« Le suicide est toujours l’expression d’une grande souffrance, d’une  fragilité intérieure, d’un vécu devenu insupportable… »

« L’adolescent peut faire parfois des tentatives de suicide, qui sont en elles-mêmes des appels au secours…qu’on n’entend pas!… »

Le nombre des cas de suicides augmente d’une manière qui inquiète énormément les spécialistes. Selon l’OMS, le Maroc reste l’un des pays à fort taux de suicide au monde. Et c’est dans la région Tanger-Tétouan-Al Hoceima que ces cas sont les plus nombreux.
Madiha Hajoui, psychologue clinicienne et psychothérapeute d’orientation psychanalytique, nous explique, dans cette interview, tous les détails de ce grave phénomène social.

Si des suicides ont lieu tout au long de l’année, le début du mois de Ramadan a été spécialement marqué par l’augmentation des cas aussi bien à Tanger qu’à Chefchaouen.
Tout d’abord, existe-t-il des signaux qui alertent de l’existence d’une possibilité de suicide?

Oui, bien sûr, il y a  des signaux précurseurs mais le problème est que très peu de personnes sont capables de les percevoir.
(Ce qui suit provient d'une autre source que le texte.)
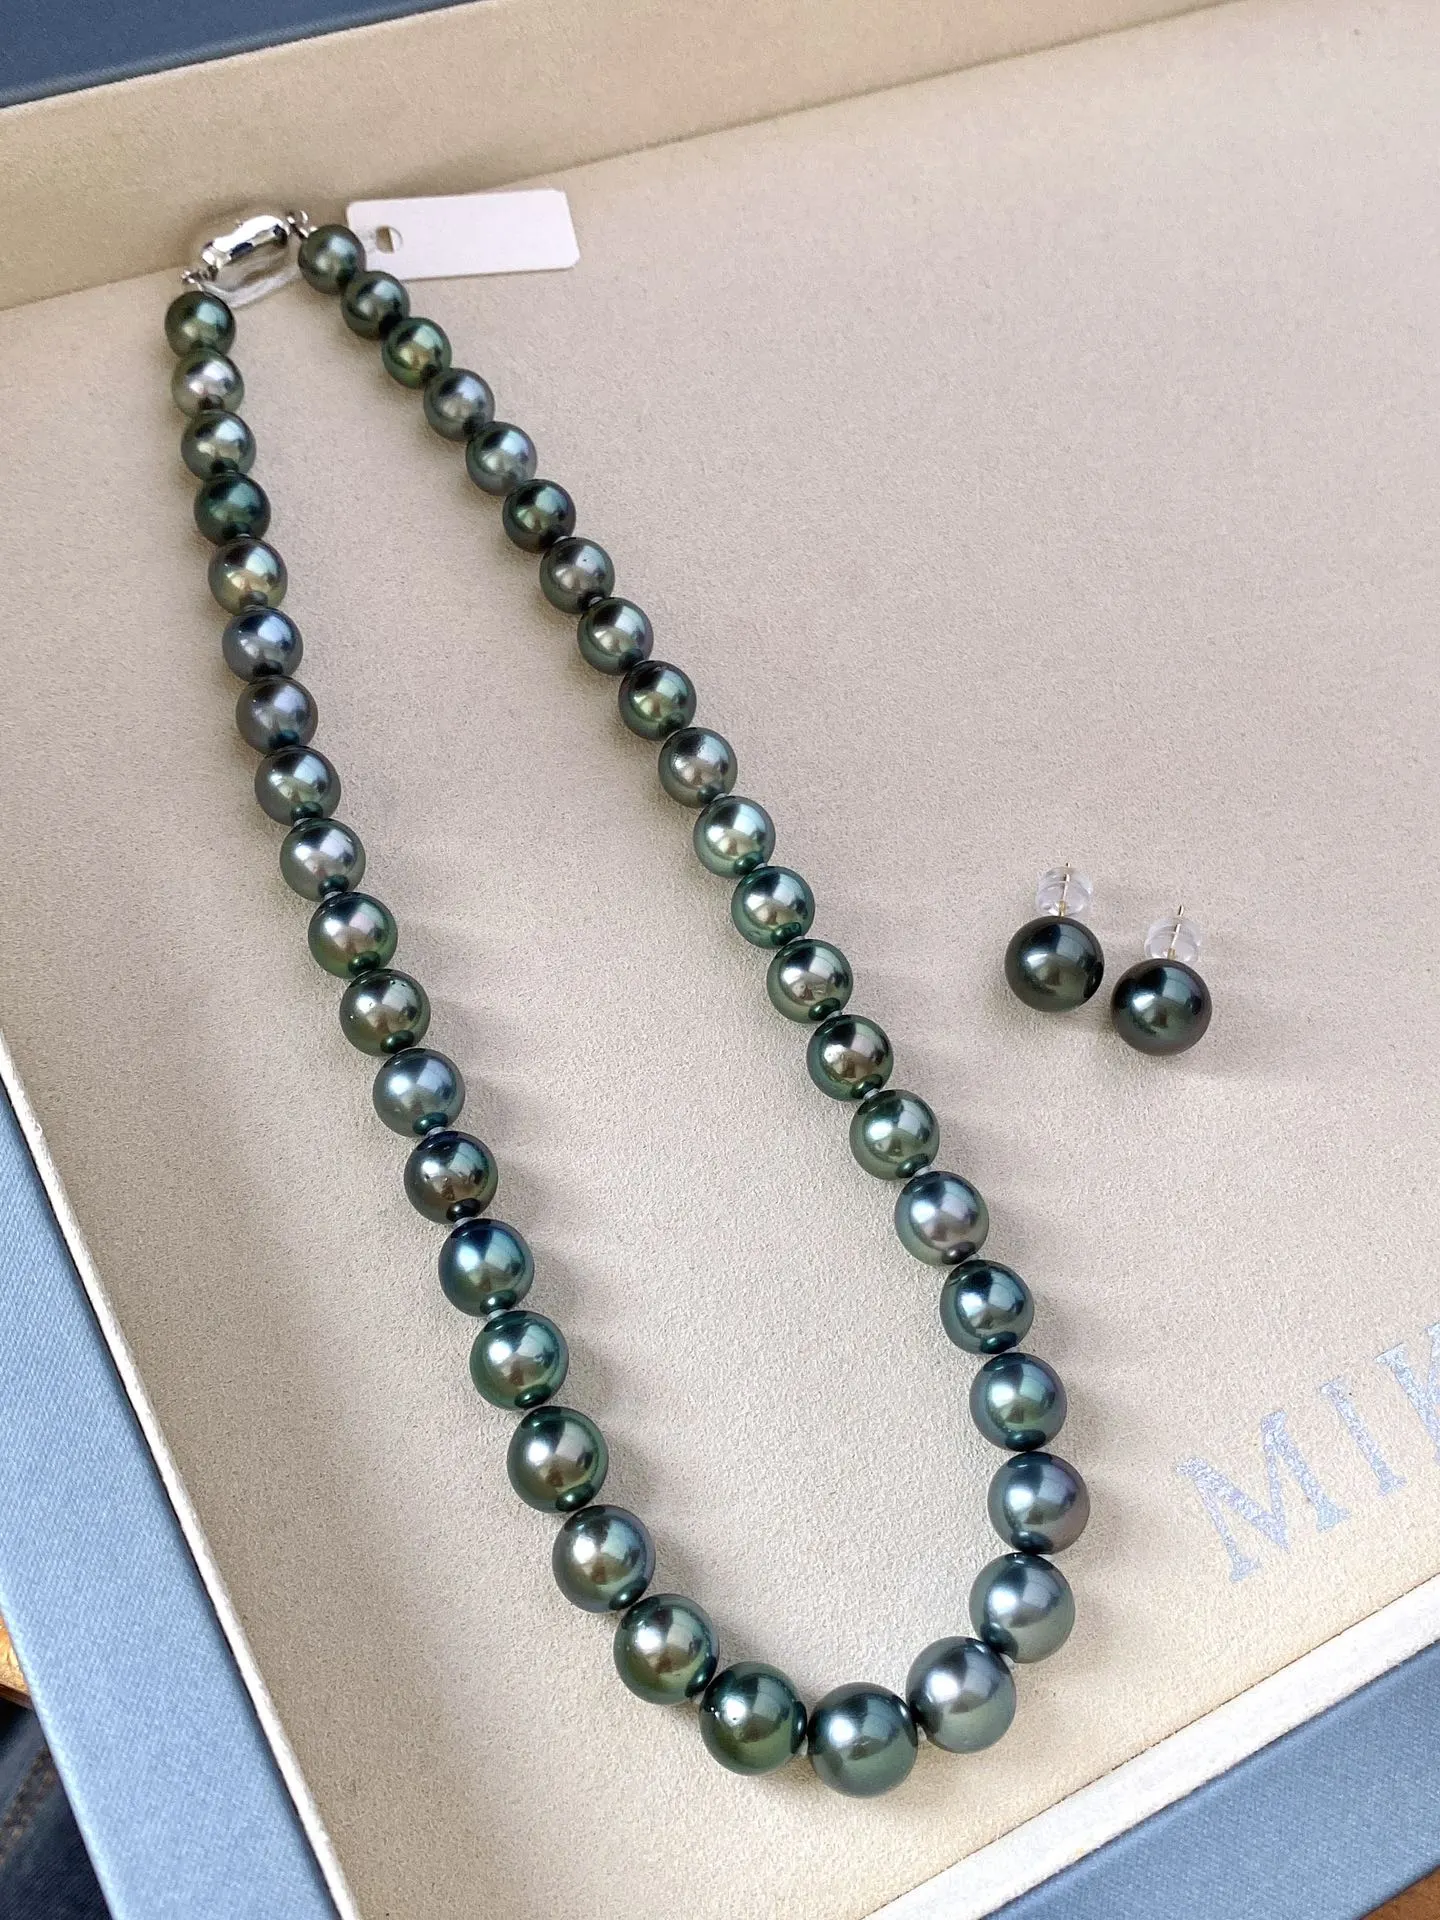 一套孔雀绿项链，颜色漂亮珠光美，规格：8.9-11.1mm，黄金尺寸，耳钉：11-12mm，上身效果

Les proches souvent sont témoins de certains comportements mais ne mesurent pas leur dangerosité ou sont dans le déni. Si la personne suicidaire émet parfois de façon détournée ou claire son intention de mettre fin à ses jours, la réponse est souvent inadéquate et conforte plutôt le projet de suicide. En fait, seuls les spécialistes, psychiatres et psychologues cliniciens, sont à même de détecter un état d’esprit suicidaire latent ou avéré et de procéder à une prise en charge dans leurs domaines thérapeutiques:  médicaments d’une part et une psychothérapie sont nécessaires dans ces cas de figure.

Une question, s.v.p: Qu’est-ce que vous voulez dire par « réponse inadéquate »?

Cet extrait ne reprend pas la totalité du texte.